Goal of the exercise: Look through the listing below for the line containing "Lebanon 20000 Pounds, 2019, B544a, P93, UNC". Copy it and each line after it up to and including the line containing "Dixon Leather Boots", exactly, leaving out pictures.

Recorded data:
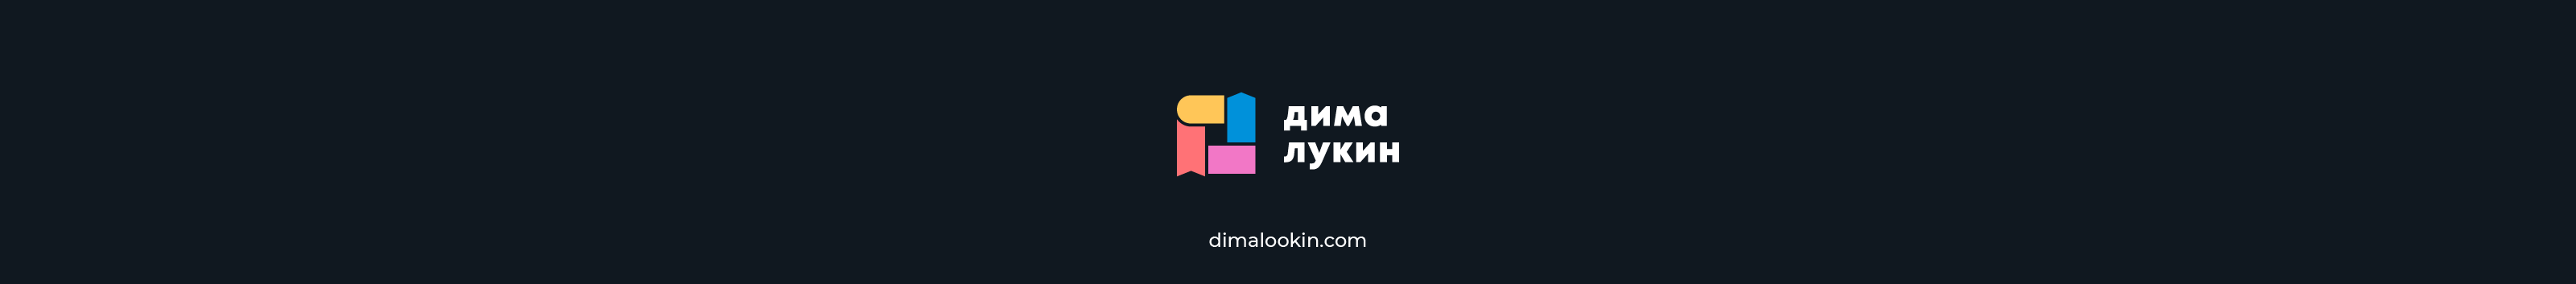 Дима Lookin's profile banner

---

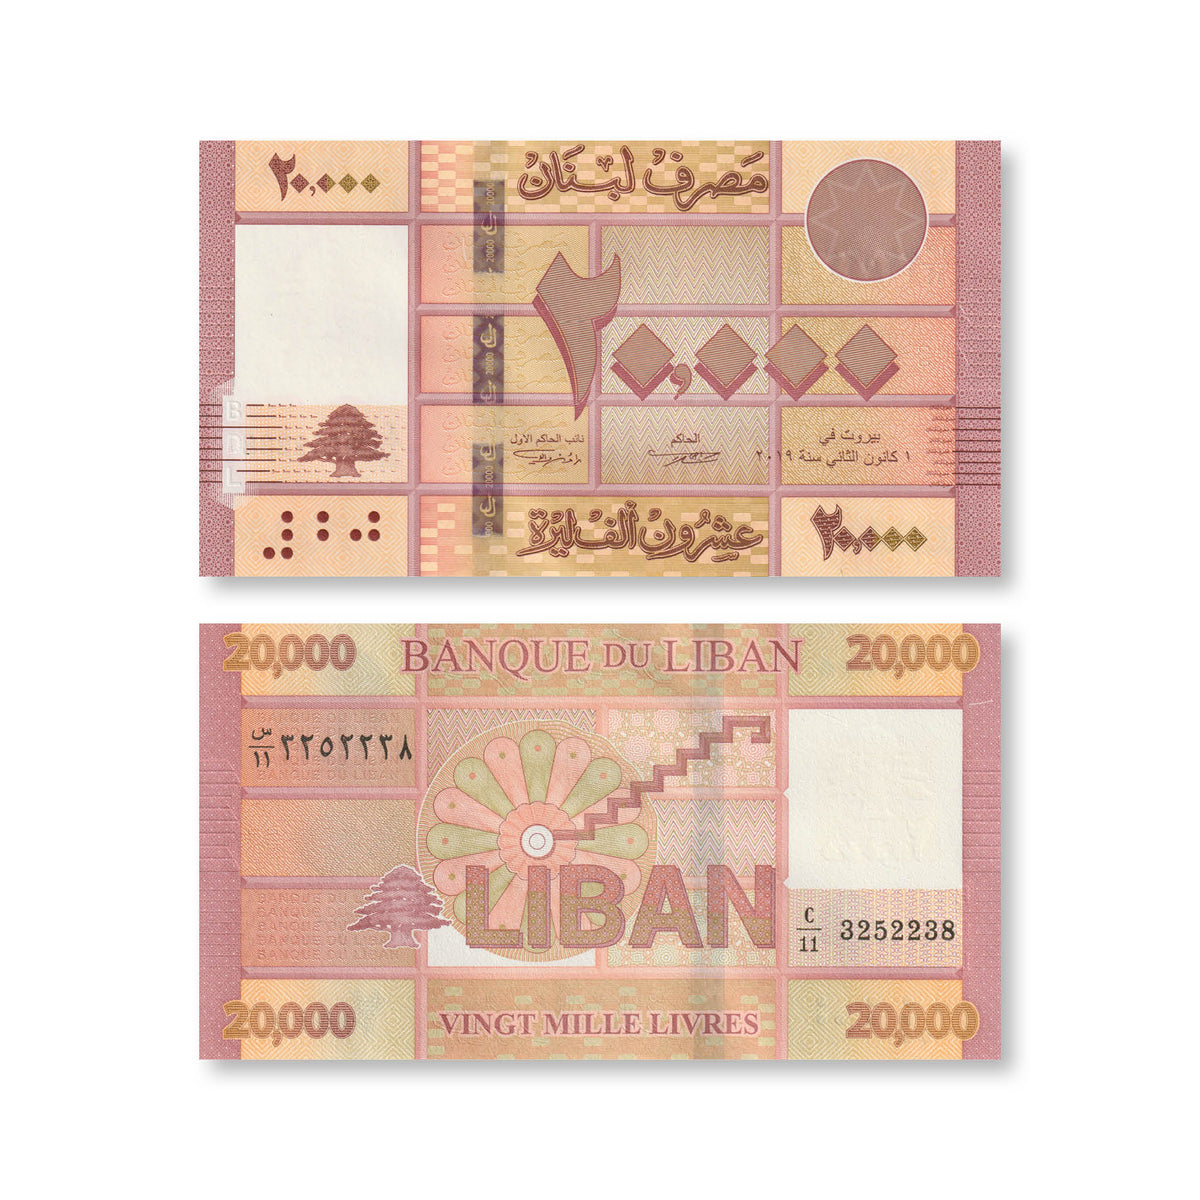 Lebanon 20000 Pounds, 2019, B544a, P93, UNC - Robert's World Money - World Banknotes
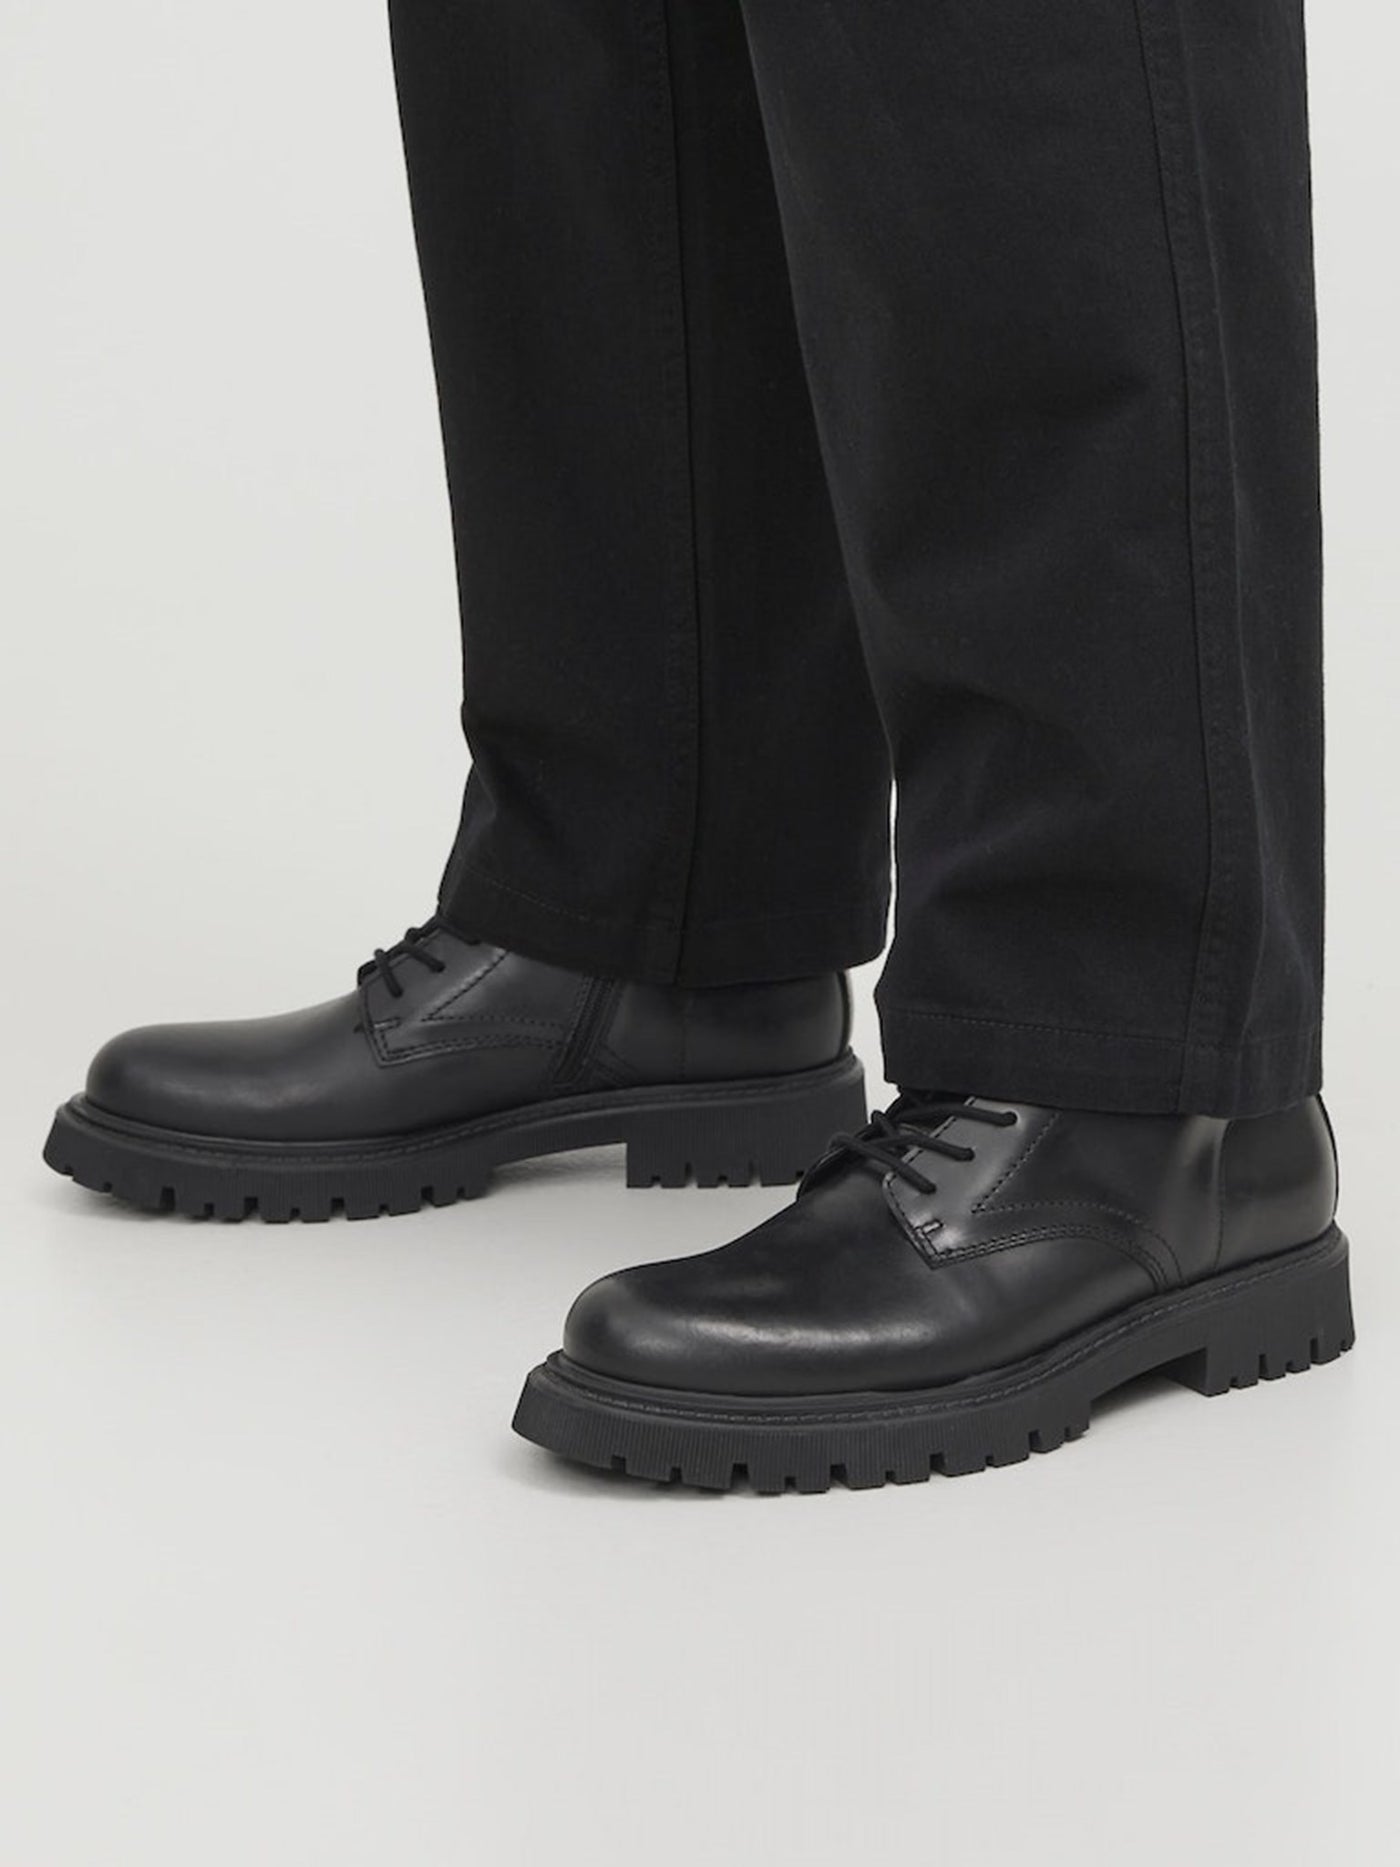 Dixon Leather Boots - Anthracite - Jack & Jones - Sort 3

--

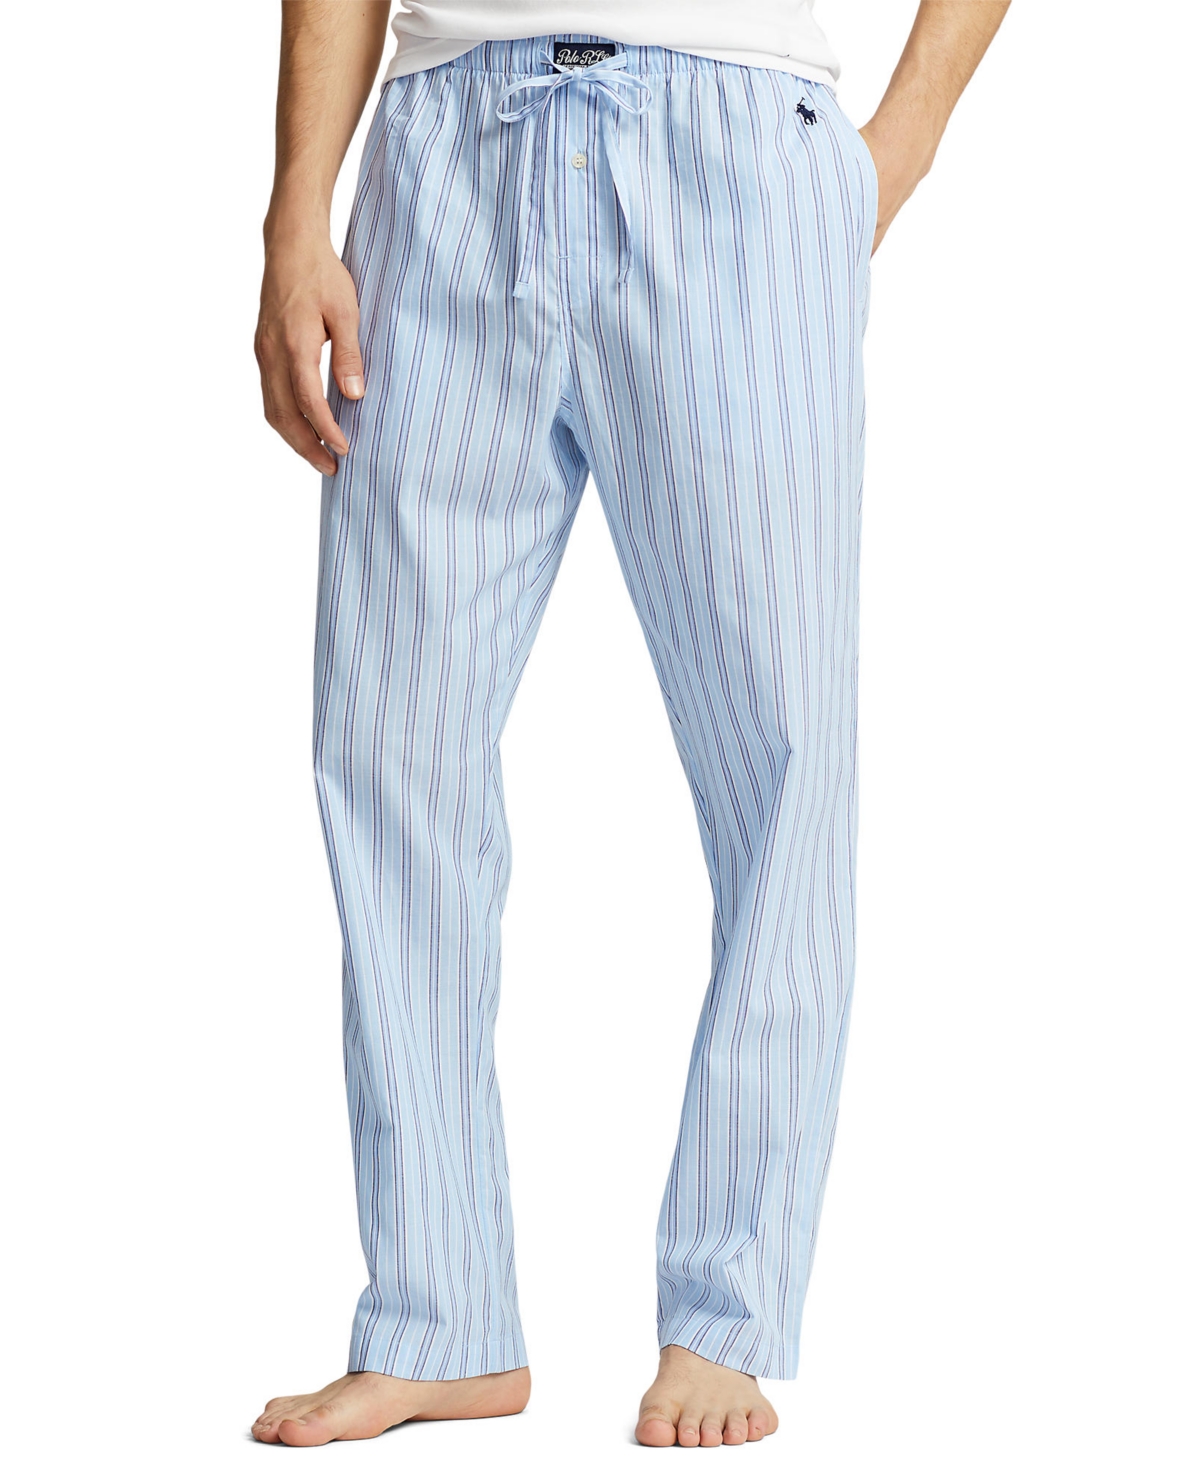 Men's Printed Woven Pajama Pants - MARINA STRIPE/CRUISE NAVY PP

Reply:
 Lebanon 20000 Pounds, 2019, B544a, P93, UNC - Robert's World Money - World Banknotes
 Dixon Leather Boots - Anthracite - Jack & Jones - Sort 3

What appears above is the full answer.